险些火葬(第2页)
屋内顿时只剩含陶他们三个。
含陶搬了个板凳挨着火炉坐下,抬眼瞧着靠在他身边的温扶棠,神色有些担忧,“主子您的伤也才好,不如还是先回去歇息罢。有奴婢在这里守着,等人醒了立刻就派人去回禀您。”
温扶棠淡淡地摇头,“不用,反正回去也是躺着,不如坐在这和你说说话,顺便等他醒。”
说完,又有些不确信地蹙起了眉,“方才御医那意思是说,他现下只是睡着了对罢?”
没有大伤,也不会就此长睡不醒。
含陶看了主子一眼,没多说什么,低头应和了一声,“是,封衍只是睡着了,再有几个时辰就能醒了。”
“那就好。”她有些虚弱地喘了口气。
温扶棠嘴上说着要坐等封衍醒来,实则却是个顶不靠谱的。
火炉烤得她全身暖洋洋的,没过一会儿就生出了困意,倚在床栏边沉沉地睡去了。
屋内静此起彼伏皆是轻浅的呼吸声,含陶被这安谧的氛围所传染,没多一会儿也靠在梁柱上睡过去了。
无人看管的炉火顺着半开的笼屉滋滋往外钻,直够到了她曳了一地的袄袍和狐氅上。
柔软的棉毛沾了火星,慢慢悠悠地烧开,不多一会儿就燃掉了她半个大衣。
床榻上的封衍最先闻到了焦味,挣扎着从睡梦中醒来,瞧见已经被烧着的床帐和她的衣角,瞬间睡意全无,翻身而起扯开了她肩边狐氅的系带,将已经燃了一半的衣裳甩得老远。
“嗯,干嘛……”
温扶棠被他的举动弄醒,睡眼惺忪地抬头看了眼蹿起来好几丈高的封衍,声音中犹带着初醒的黏糯,“你醒啦?”

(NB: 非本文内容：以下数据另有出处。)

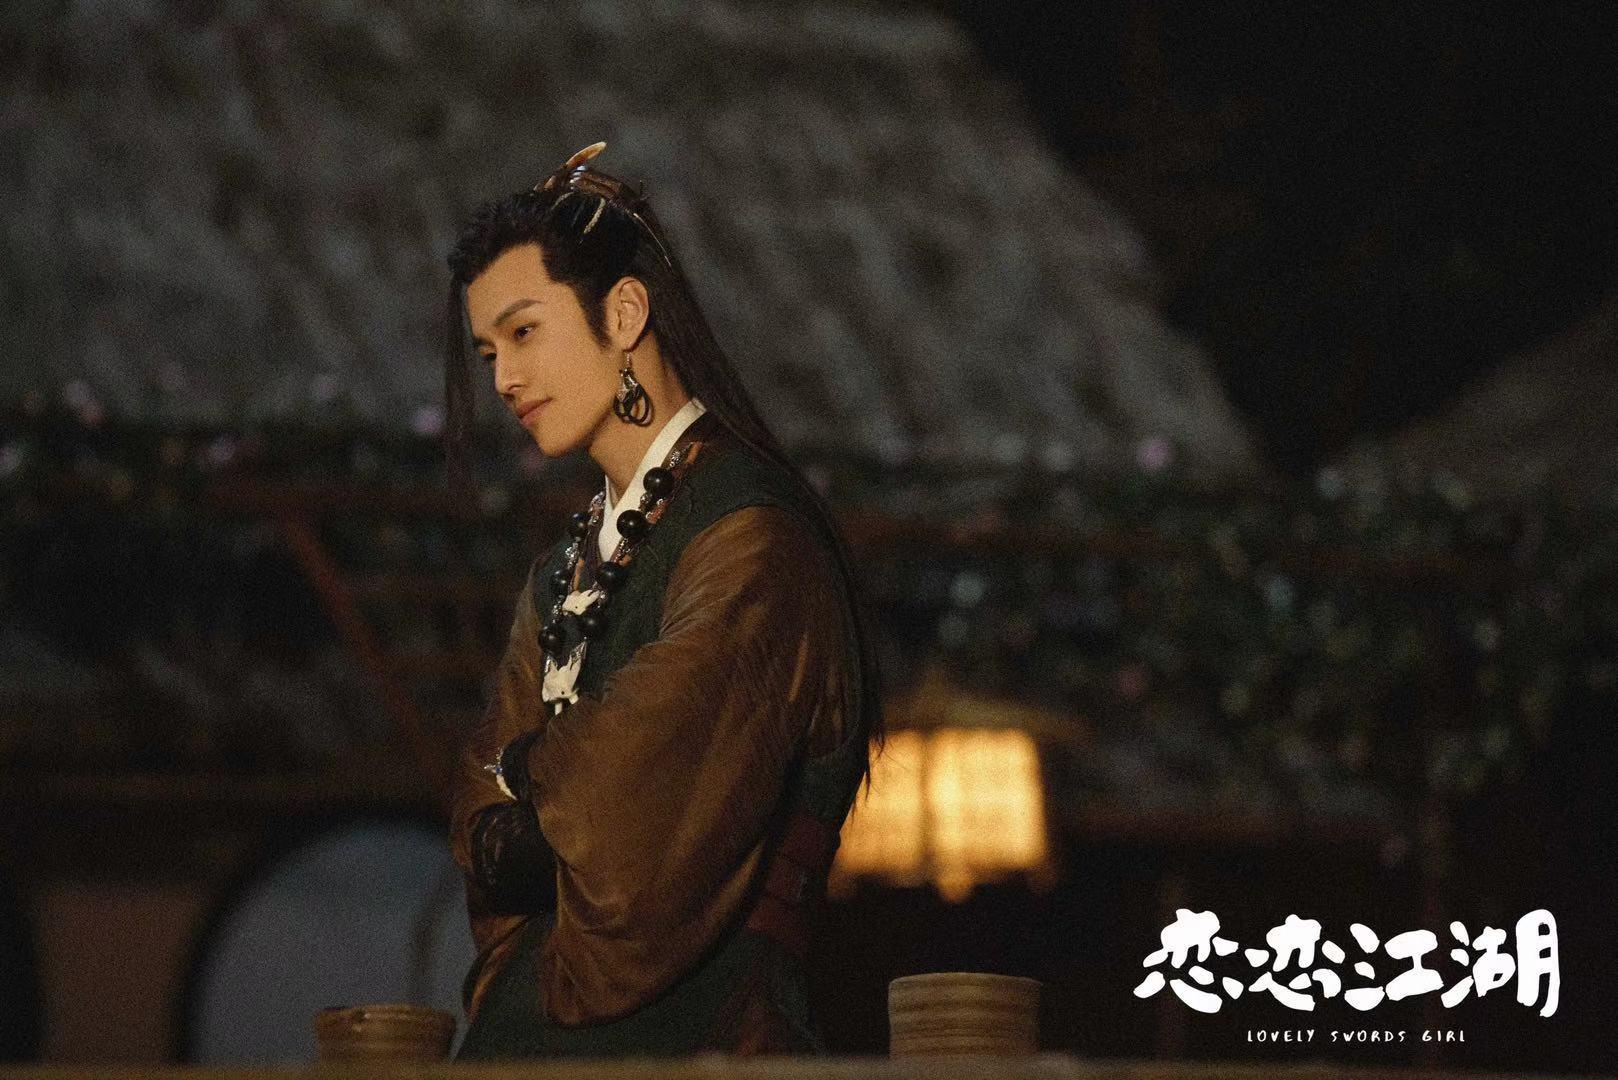 何与《恋恋江湖》热播 俊朗少年完美蜕变

封衍心有余悸地看了一眼地上已经熄灭的狐氅,靠回床栏上,有些无奈拢了拢头发,“我多大的心还敢不醒。再晚一点,咱仨都要被火化了。”
温扶棠抓了抓脑袋,顺着他的目光看过去,瞧见满地的灰烬星火,惊得缩了缩脖颈,露出了小半截的双下巴,“这什么回事?好端端的怎么烧着了?”
“还想问你们呢,干嘛弄了这么多的火炉进来,看我没得治了,想直接烧掉了事?”封衍斜她一眼,故意赌气道。
今日她没上妆,眼角天然地微微垂着,连训斥和埋怨都带着一丝无辜的意味,“御医说你被冻惨了,让人赶紧弄点东西来给你暖暖身子。我可是把自己寝宫的火炉都贡献出来了,你少不知好歹。”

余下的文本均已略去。